The offering of new ESG funds continued to slide in the quarter, with a record low of 54 new funds launched worldwide, Morningstar said. Meanwhile, the number of funds dropping ESG-related terms from their names roughly doubled, to 116. A further 114 were either liquidated or merged, with US fund closures hitting a record high of 20.
“Funds that struggle to attract assets or deliver good returns are increasingly prone to closing down,” Morningstar said in its report. “We view this as a natural evolution of the industry.”
Our take: it remains to be seen if this is just a short-term change or a longer trend. Although investors committing money to ESG ideas is not a positive sign for humanity, they should be free to do so - it’s their money. A bigger problem is the use of ESG by large pooled investments like pension funds, where ideological policies are a violation of fiduciary duty and done without the consent of the investors. The biggest problem is the adoption of ESG ideas by regulators and governments, which creates systemic risk.
ABSURDITIES
ESG Is Coming for Your Candy Bars
Once a Wall Street buzzword, ESG—Environmental, Social, and Governance—has become a political flashpoint and a corporate headache. Investor enthusiasm for ESG is clearly waning. The Manhattan Institute's Proxy Monitor project has tracked such proposals for years. In 2024, it found that zero environmental or social policy proposals received majority shareholder support at Fortune 250 companies. But that doesn't mean ESG is going away. Instead, it's evolving—and its next battleground could be your favorite candy bar or soda.

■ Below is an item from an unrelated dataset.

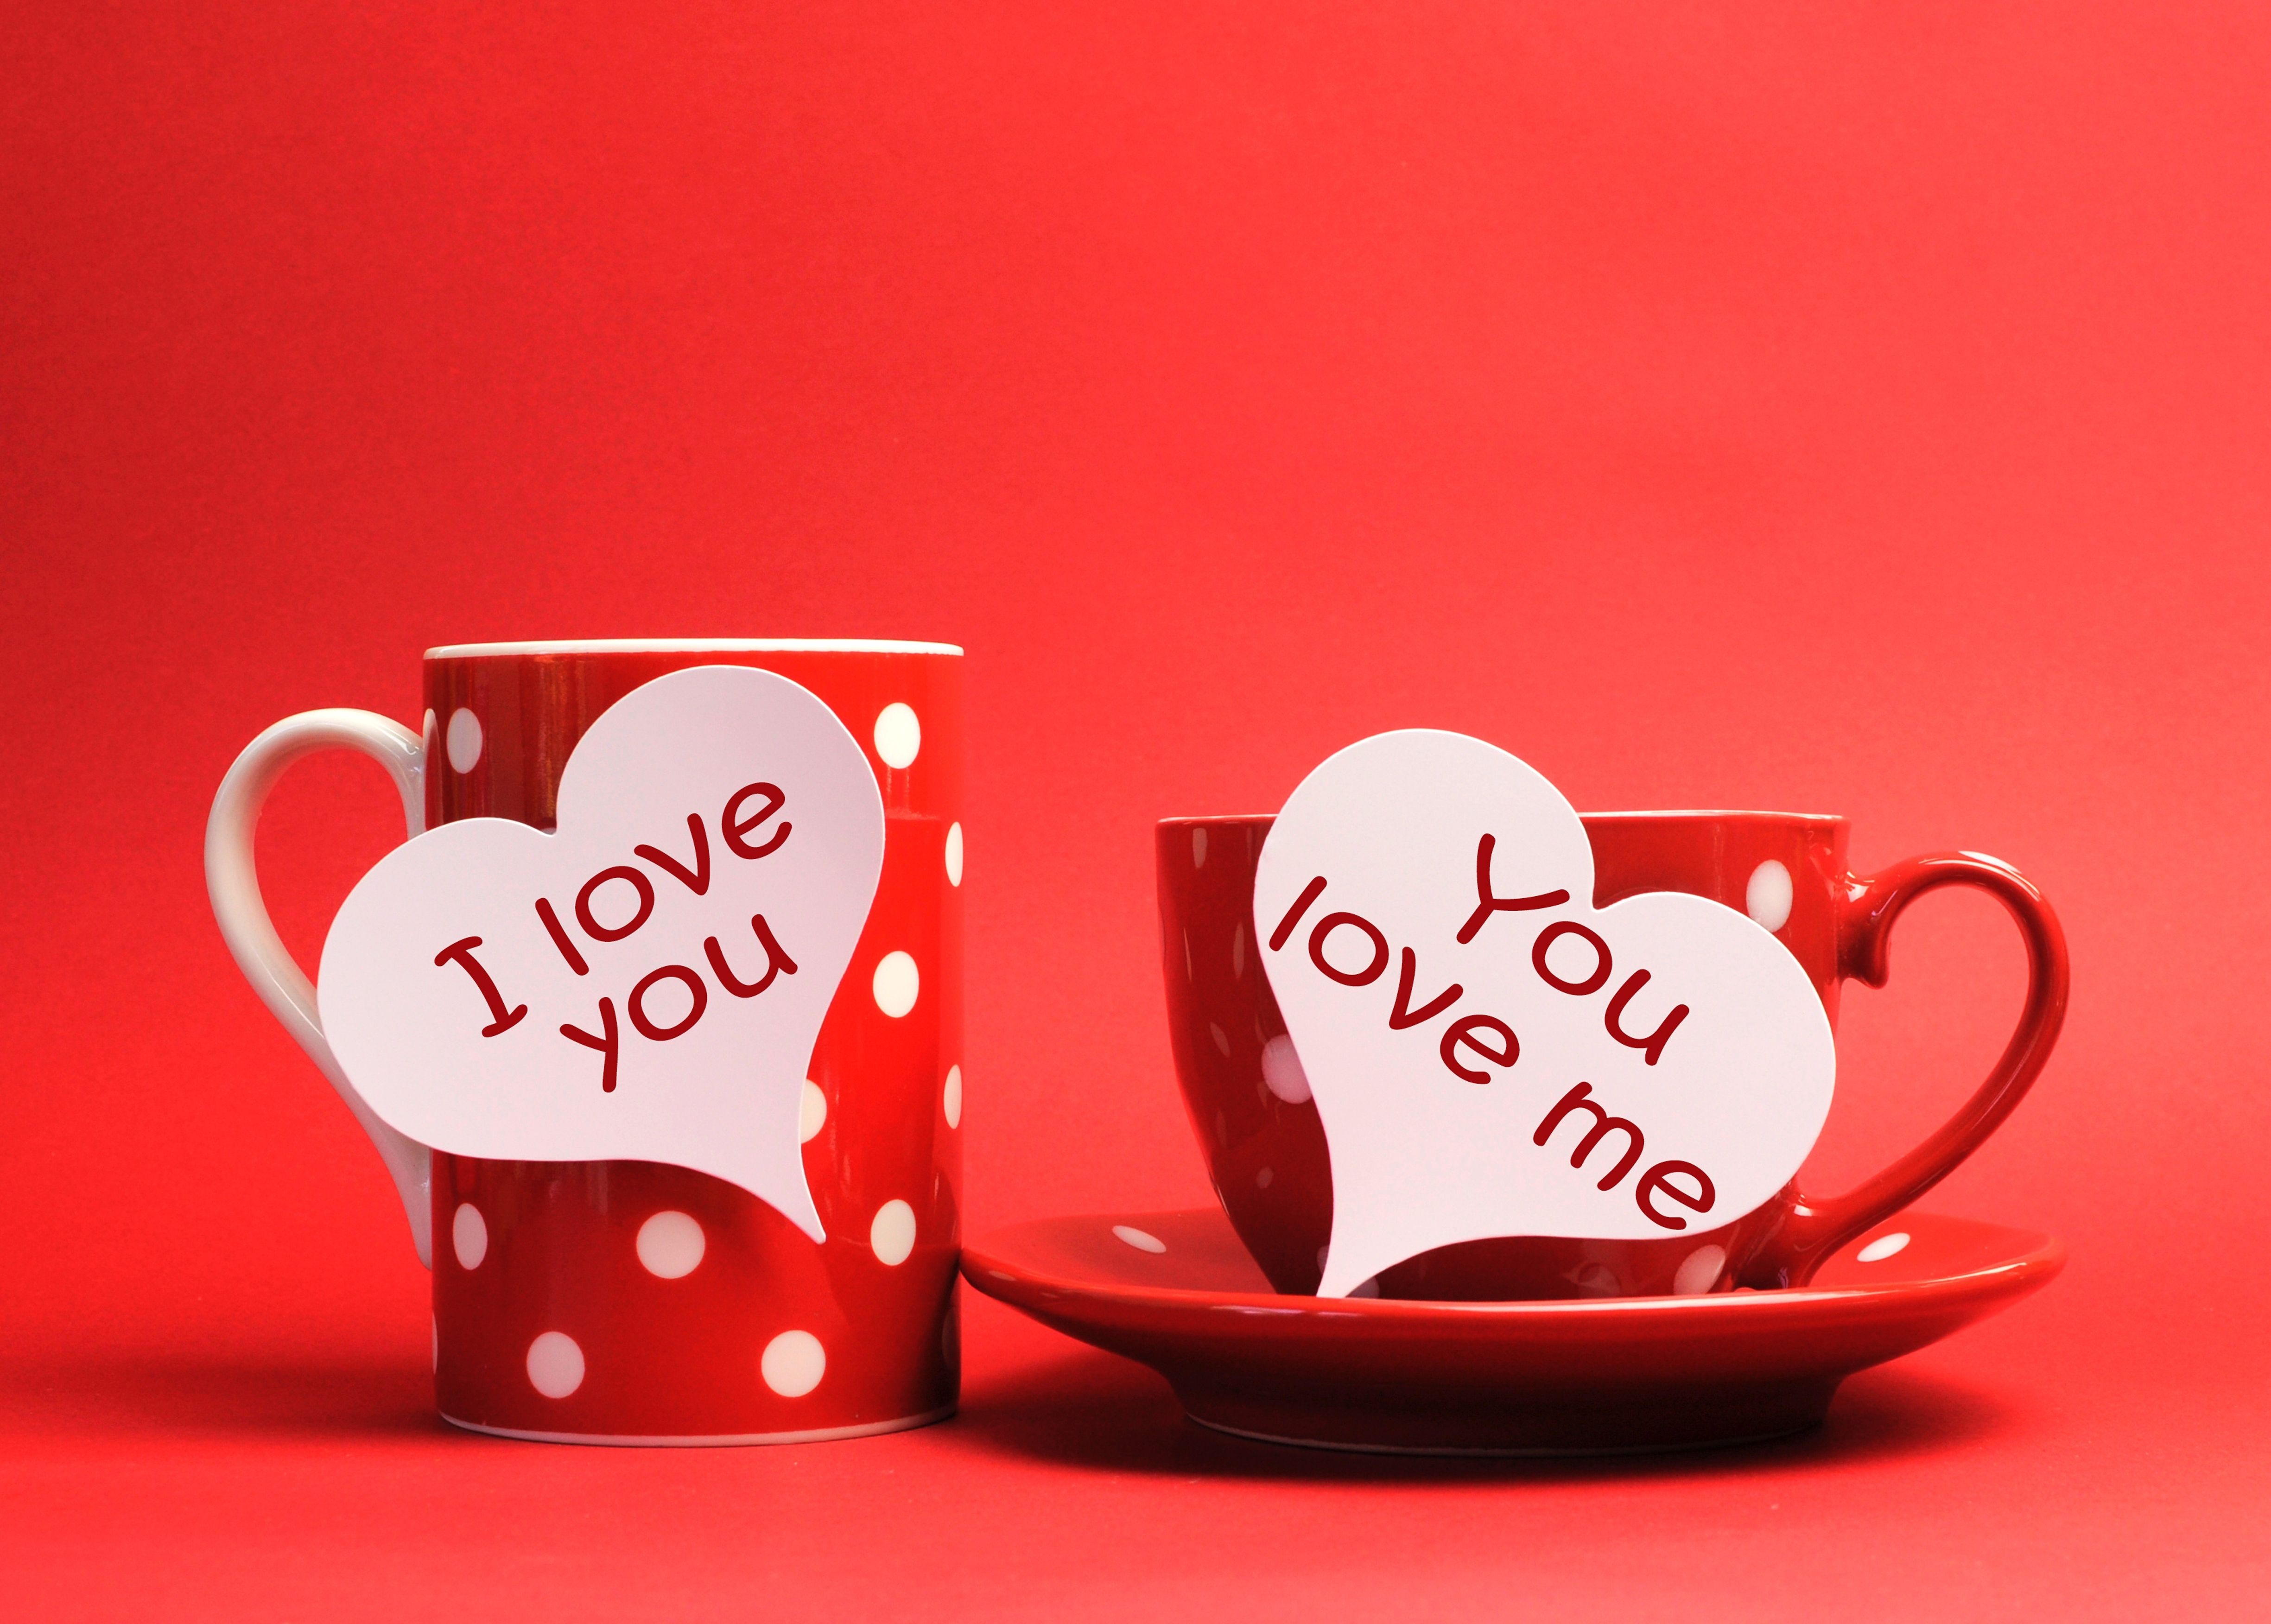 I Love You HD Wallpapers Free Download

After years of climate and racial equity-focused proposals, ESG activists are now shifting their attention to nutrition. The latest campaign appears to be against "unhealthful products." Academics are branding this movement "ESG + Nutrition," arguing that investors should aim to "align financial returns with benefits for society and the planet."

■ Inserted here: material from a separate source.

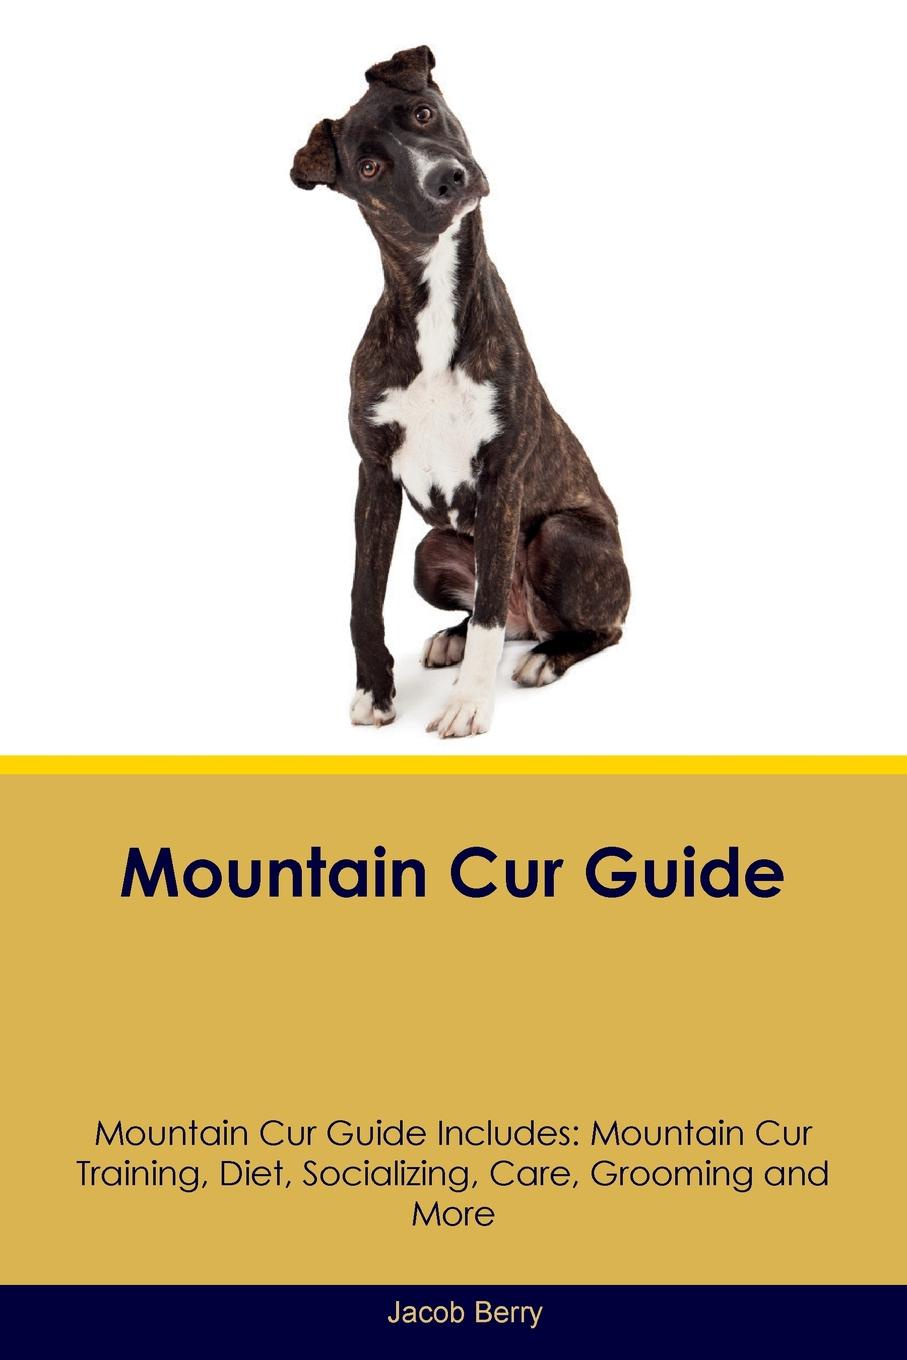 Mountain Cur Guide Mountain Cur Guide Includes. Mountain Cur Training, Diet, Socializing, Care, Grooming, Breeding and More

Proponents of the ESG + Nutrition initiative have floated concepts like a "nutrition metric" to determine the healthfulness of specific food products, as well as a potential system of "nutri-credits" that would operate as "health offsets," similar to carbon credits in the climate change context. These efforts haven't passed shareholder votes, but they've already inflicted costs—up to 75 staff hours and $150,000 per proposal just to get them on the corporate ballot, according to some estimates.
Yet for all the handwringing and posturing, the market is already doing much of the work ESG activists claim to want. Drinking rates among Gen Z have plummeted, and non-alcoholic beverage sales are booming. Consumers are becoming increasingly enthusiastic about prioritizing healthy eating. In short, the private sector is adapting in real time to shifting preferences, with nary a "health offset" or "nutri-credit" in sight.